Do children in your world usually perform such tasks?’ Nathan thought of all the books he had ever read, of the Pevensies, Colin and Susan, Harry Potter, Lyra Belacqua and a hundred others. ‘All the time,’ he said. [loc. 5250]
Nathan lives with his mother Annie above a bookshop. He never knew his father. Annie tells him stories about Daniel, her partner, who died in a car crash the day that Nathan was conceived: but she's beginning to wonder if Daniel was Nathan's father, because Daniel and Annie are both white and Nathan looks as though he might have Indian forebears. Their friend Bartlemy, who took in Annie when she was fleeing invisible, but terrifying, pursuit with her baby son, has his suspicions too, and he keeps a close eye on the boy.
Nathan loves to roam the woods with Bartlemy's dog Hoover, but one day he discovers a buried chapel and a cup that's filled with blood. He wants to tell his mother and 'Uncle Barty', but he's unable to speak of it. He can speak of the peculiarly vivid dreams he's been having, in which he seems to travel to another world and talk to people there -- but would anyone believe that he's managed to rescue a drowning man and bring him back?
Meanwhile, Nathan's best friend Hazel resents her grandmother's presence in the attic, not least because she knows the old woman is a witch and that she herself has the Gift.

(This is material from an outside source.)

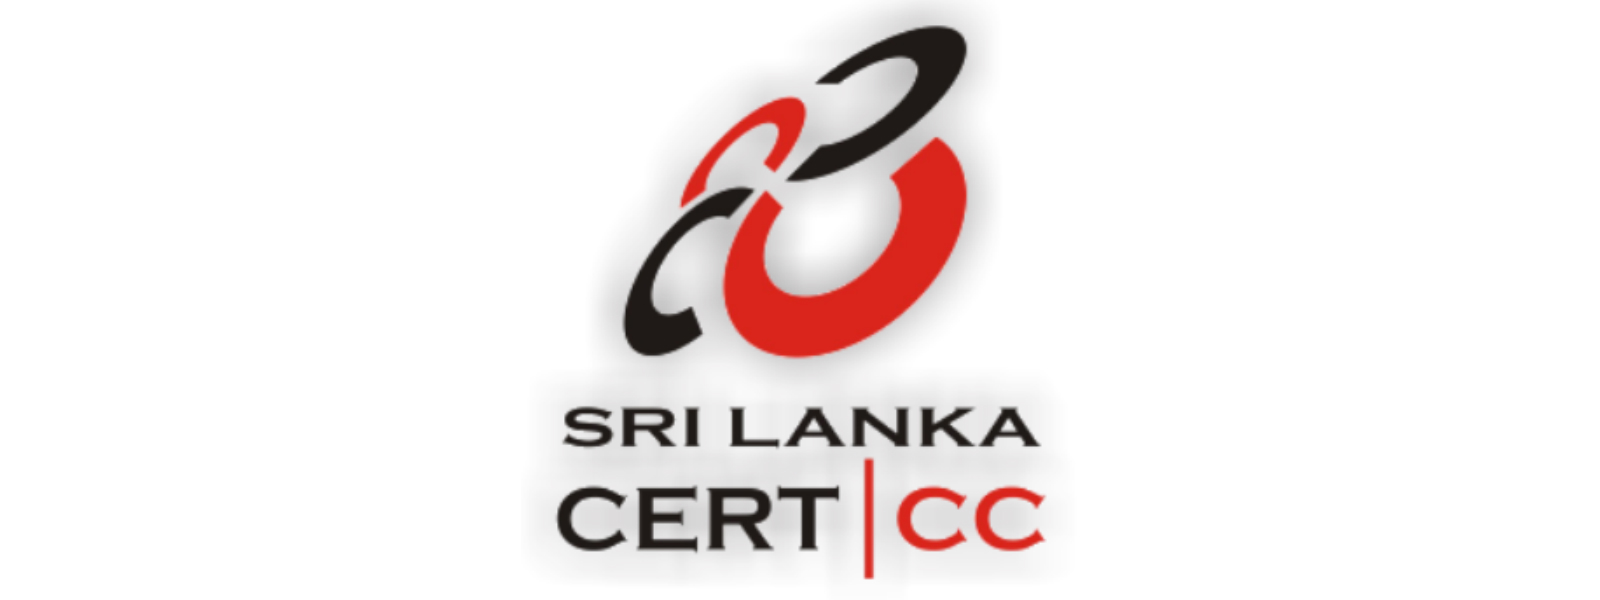  Several Sri Lankan websites hacked

And there's something lurking in the river, and a convergence of interested parties as the Greenstone Grail, believed lost for centuries, surfaces again...

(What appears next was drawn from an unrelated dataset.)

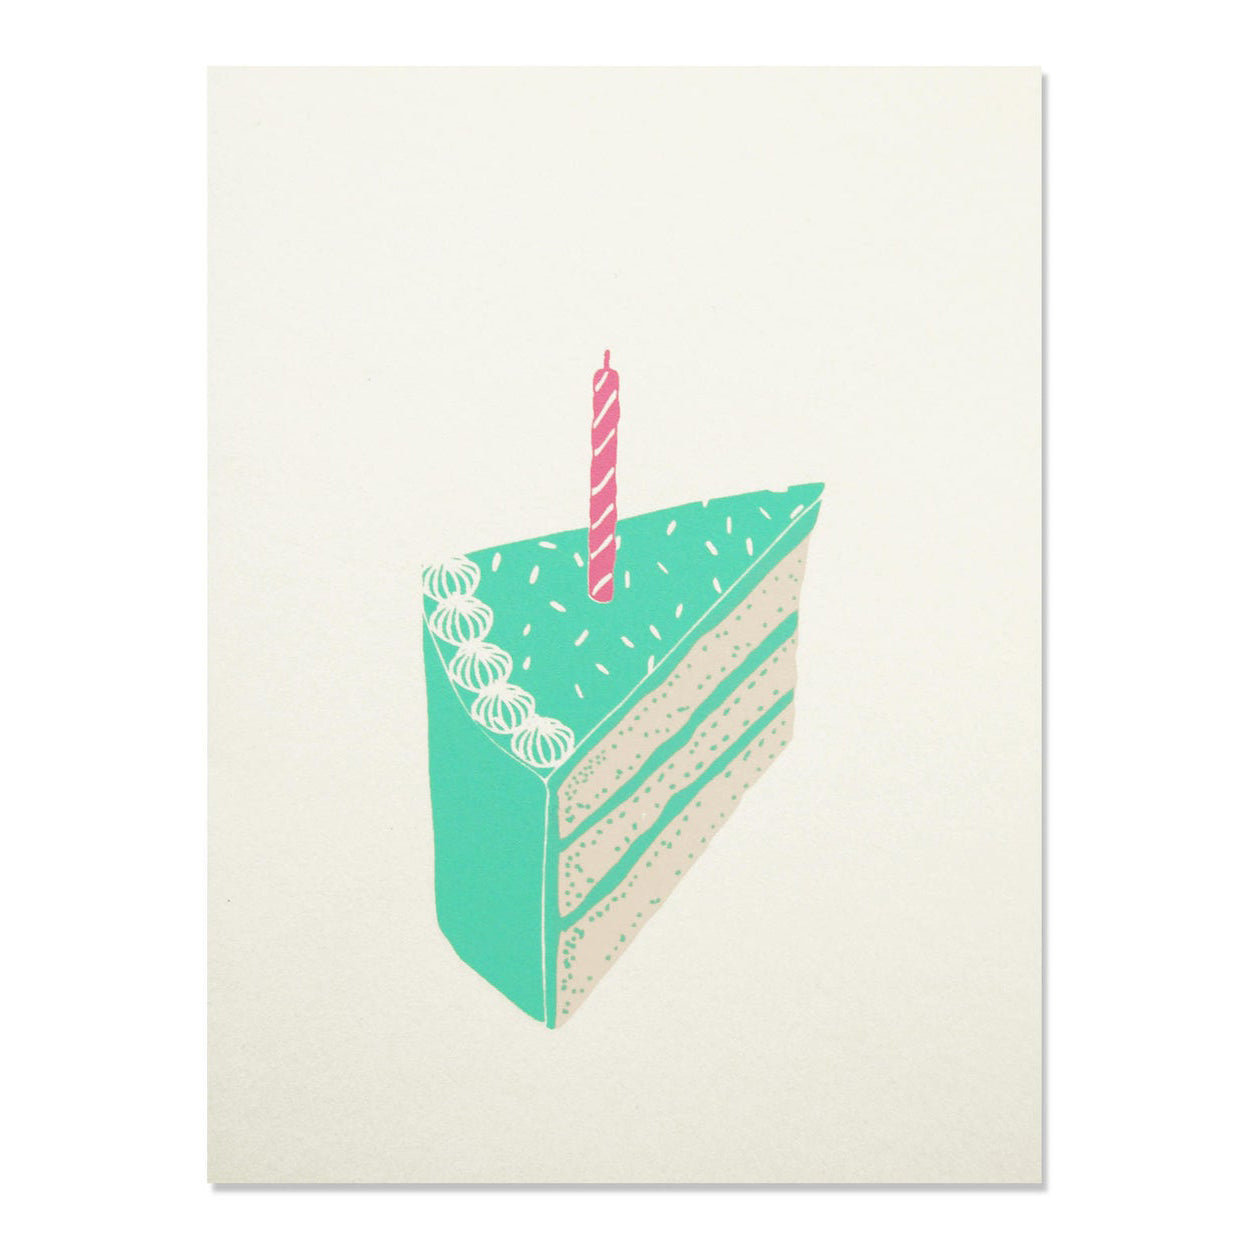 Birthday Cake Slice Card

I was reminded of James Treadwell's Advent trilogy (which The Greenstone Grail, first in the Sangreal trilogy and published in 2005, predates by some years): perhaps it's the age of the protagonists or the vaguely Arthurian setting. The Greenstone Grail combines fantasy, science fiction and horror, with hints of secret history (just how old is Bartlemy, and is Hoover merely a dog?) as well as a murder mystery which brings old-fashioned, dedicated Detective Pobjoy onto the scene.
This was a quick and enjoyable read: I fancied a solid, satisfying fantasy trilogy and this delivered, with all those extra flavours mixed in. At times the authorial voice was a little intrusive ("Nathan could not know it, but the whole incident had been wiped from Hoover’s mind") but at others it was sheerly gleeful, and though there is plenty of darkness lurking in the story there is also humour, beauty and joy.